■ **EXERCISE DESCRIPTION**:
Apart from the pictures, everything in the lines below must be printed exactly.

START EXERCISE DATA

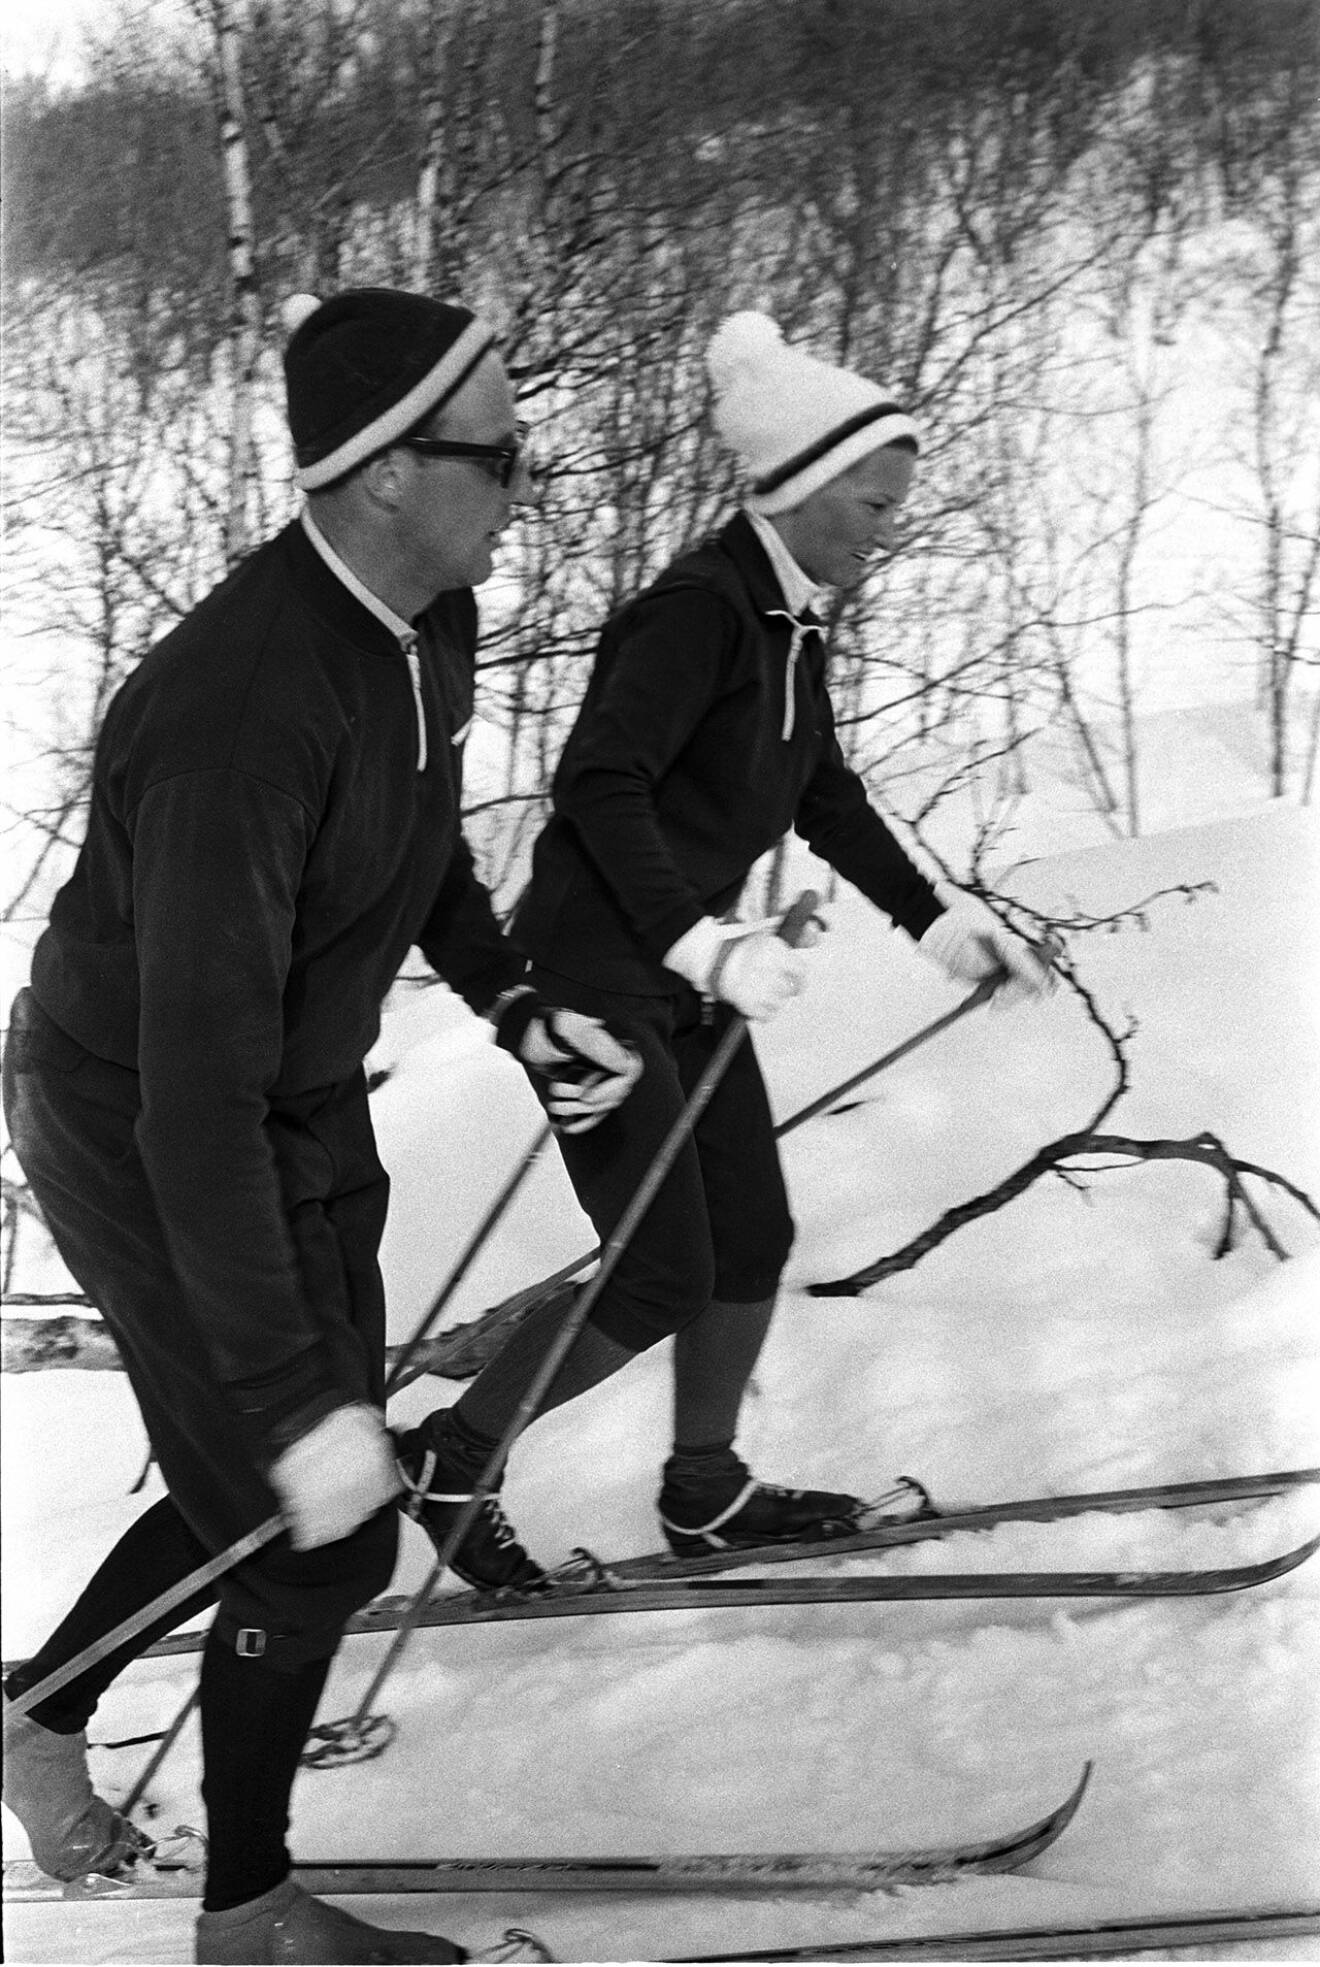 Harald och Sonja åker skidor
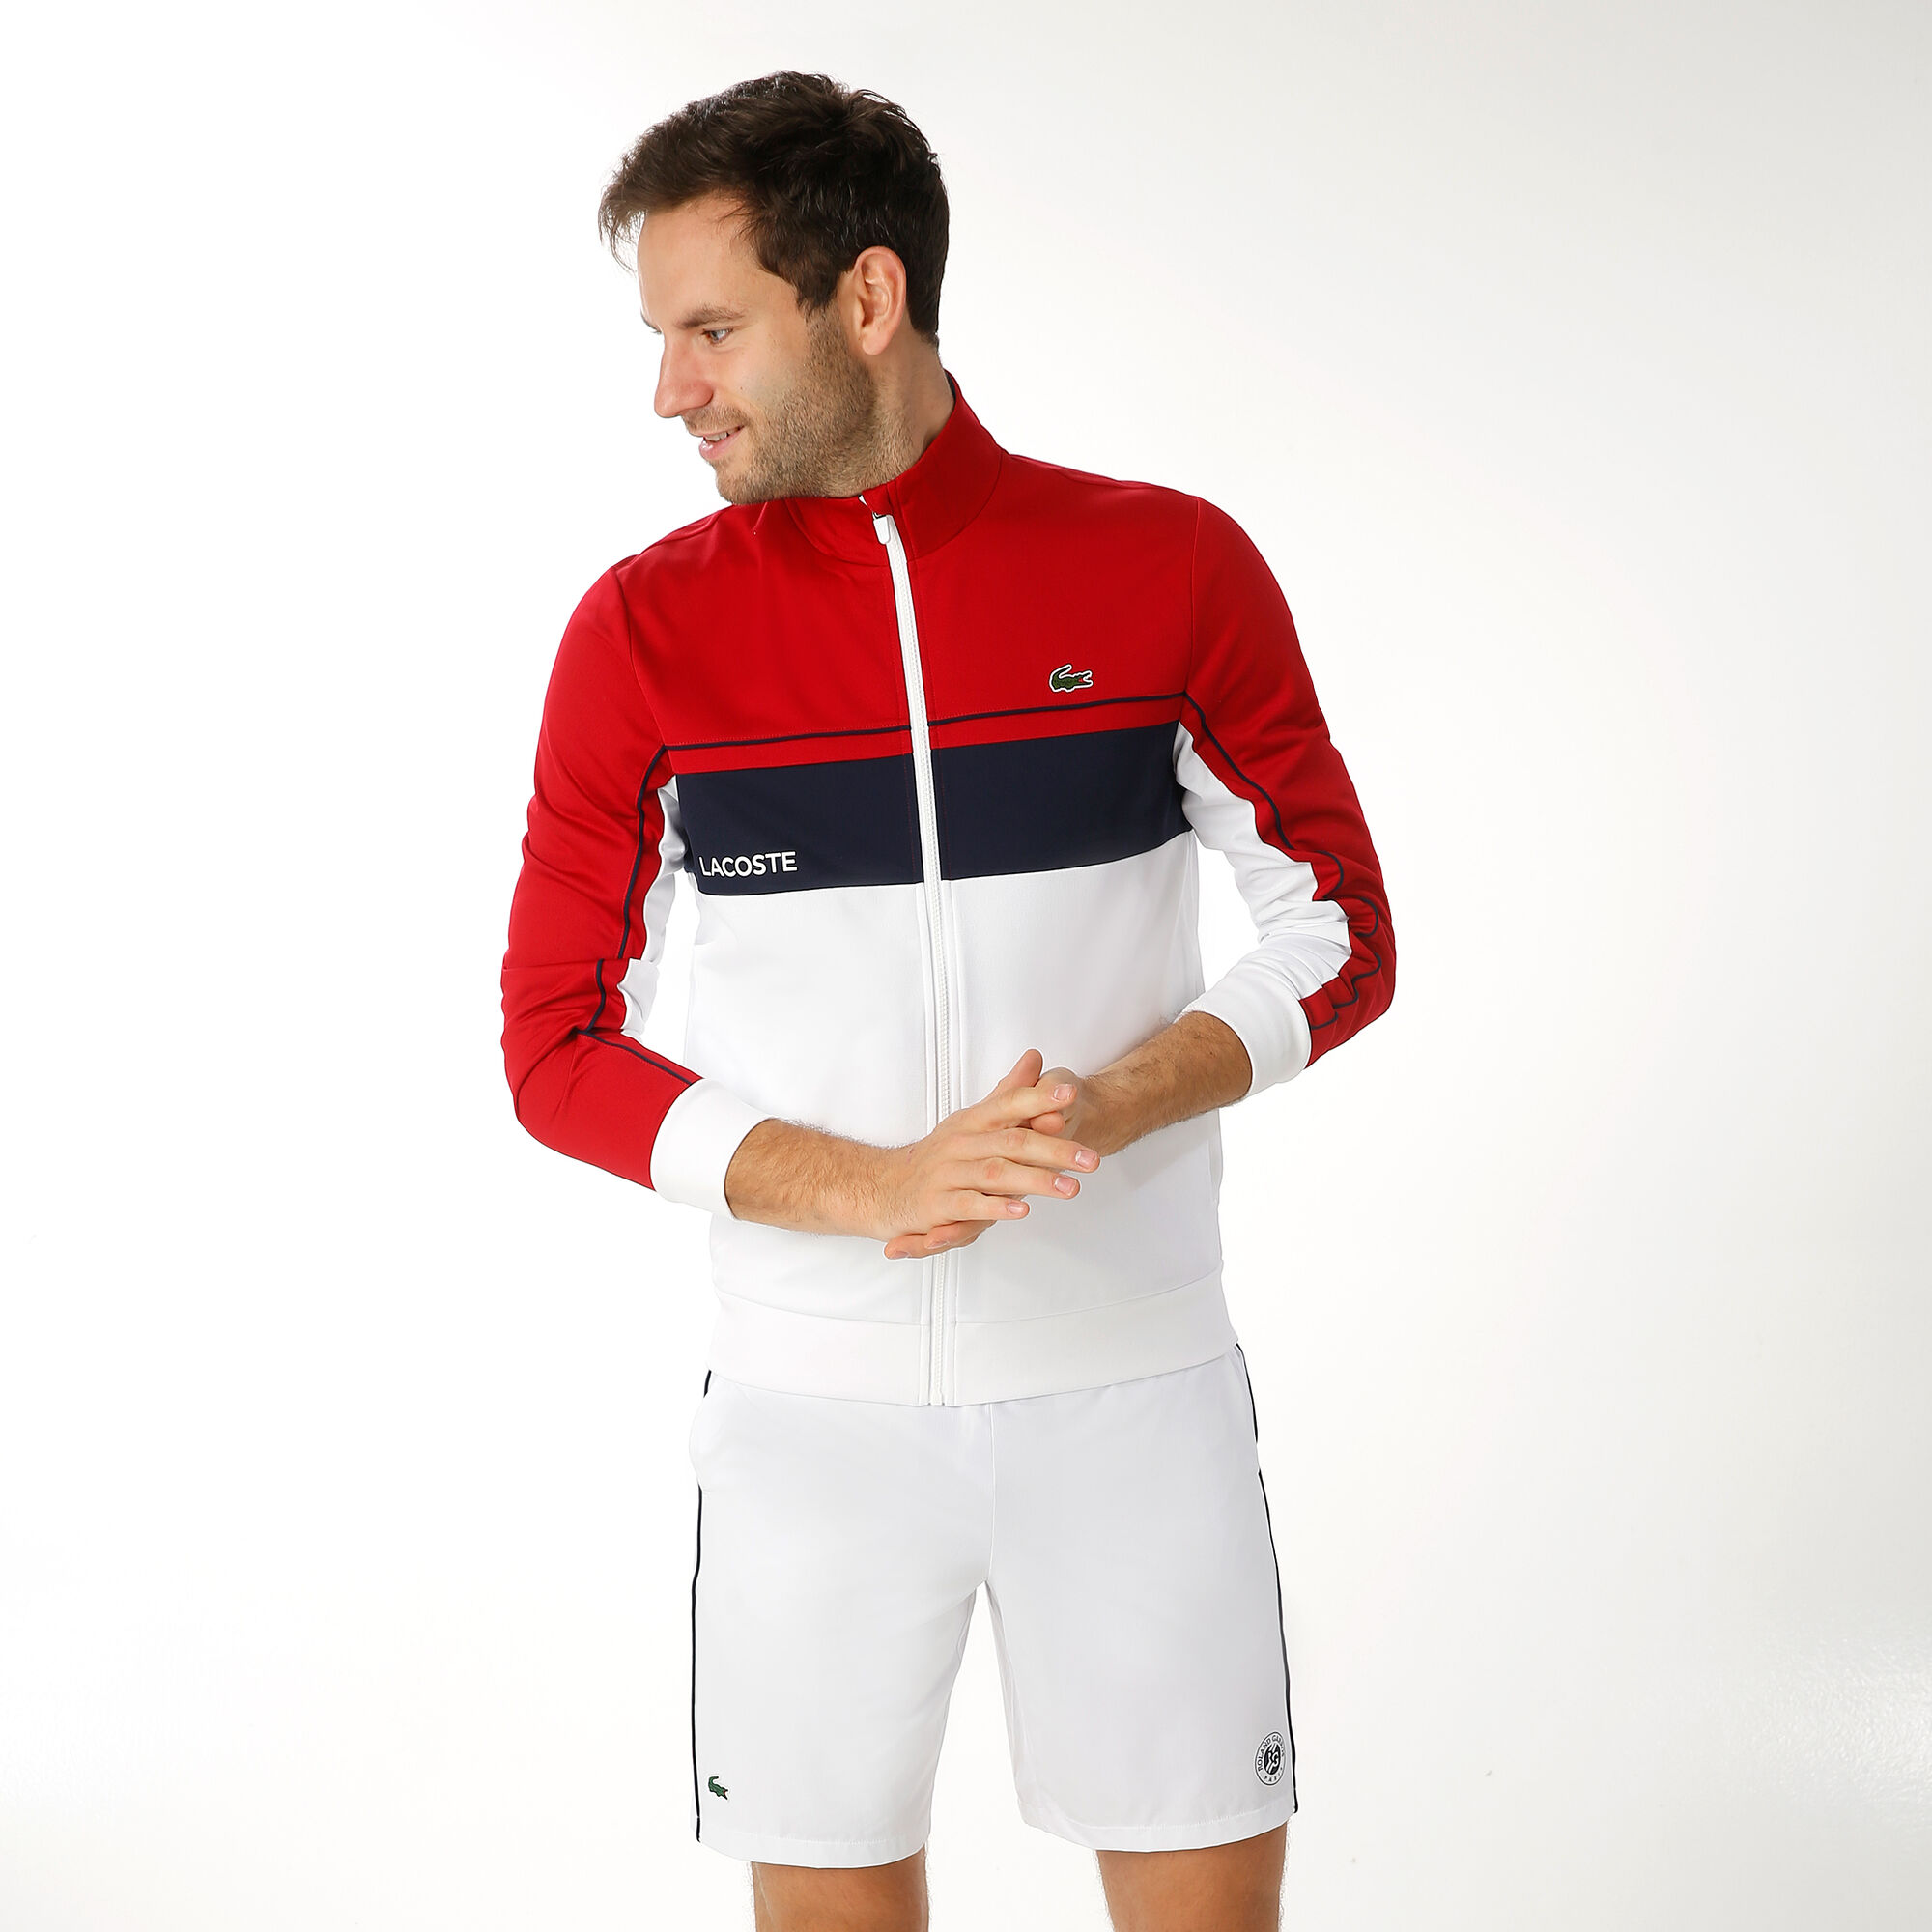 Lacoste Trainingsjacke Herren Weiß, Rot online kaufen | Tennis Point DE
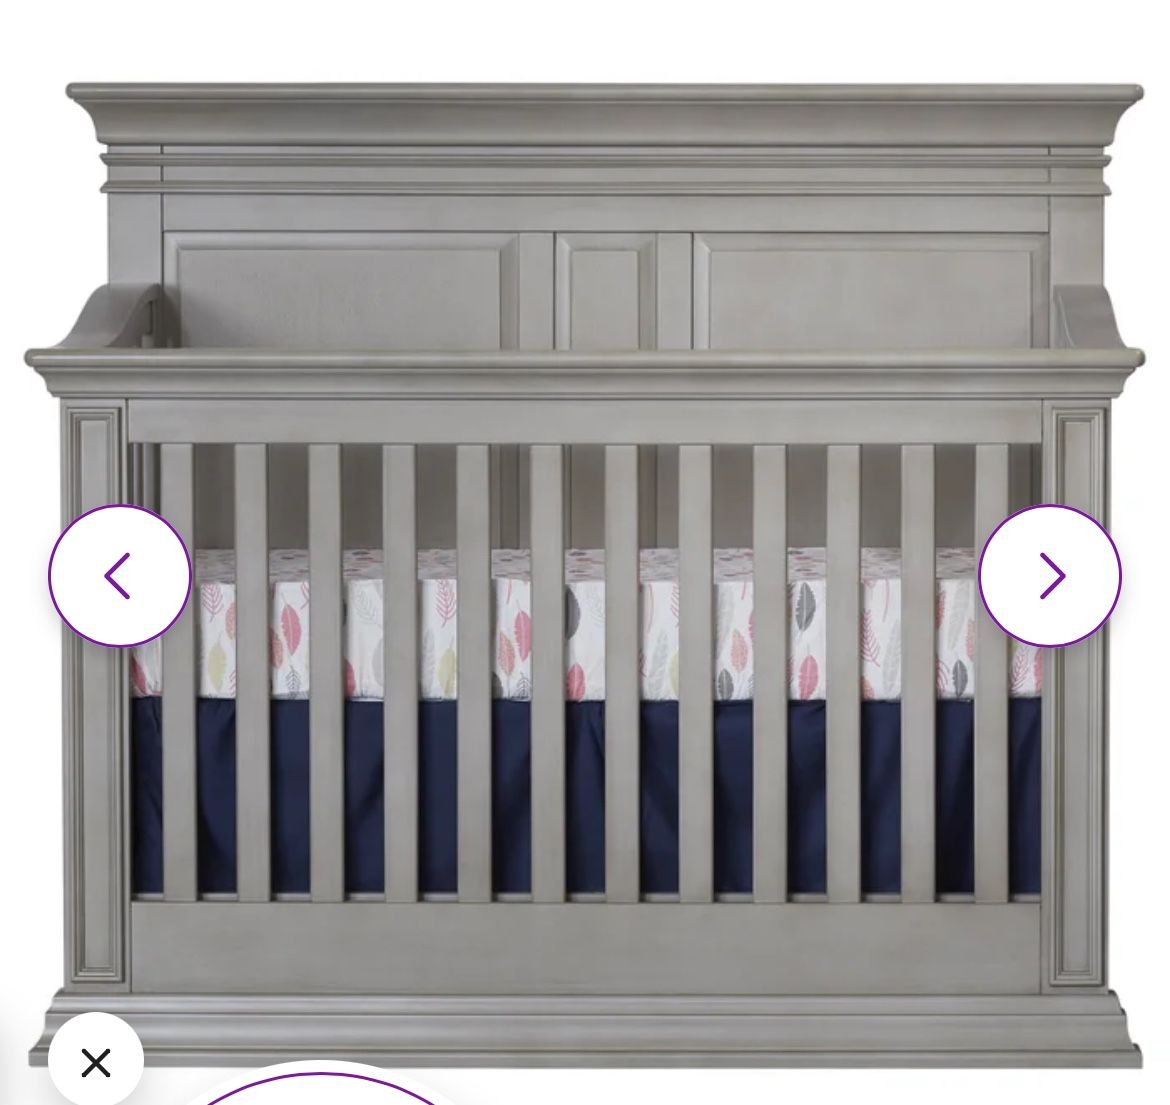 Baby Cache crib

END EXERCISE DATA

■ **OUTPUT FOR THIS EXERCISE**:
 Harald och Sonja åker skidor
 Lacoste Trainingsjacke Herren Weiß, Rot online kaufen | Tennis Point DE
 Baby Cache crib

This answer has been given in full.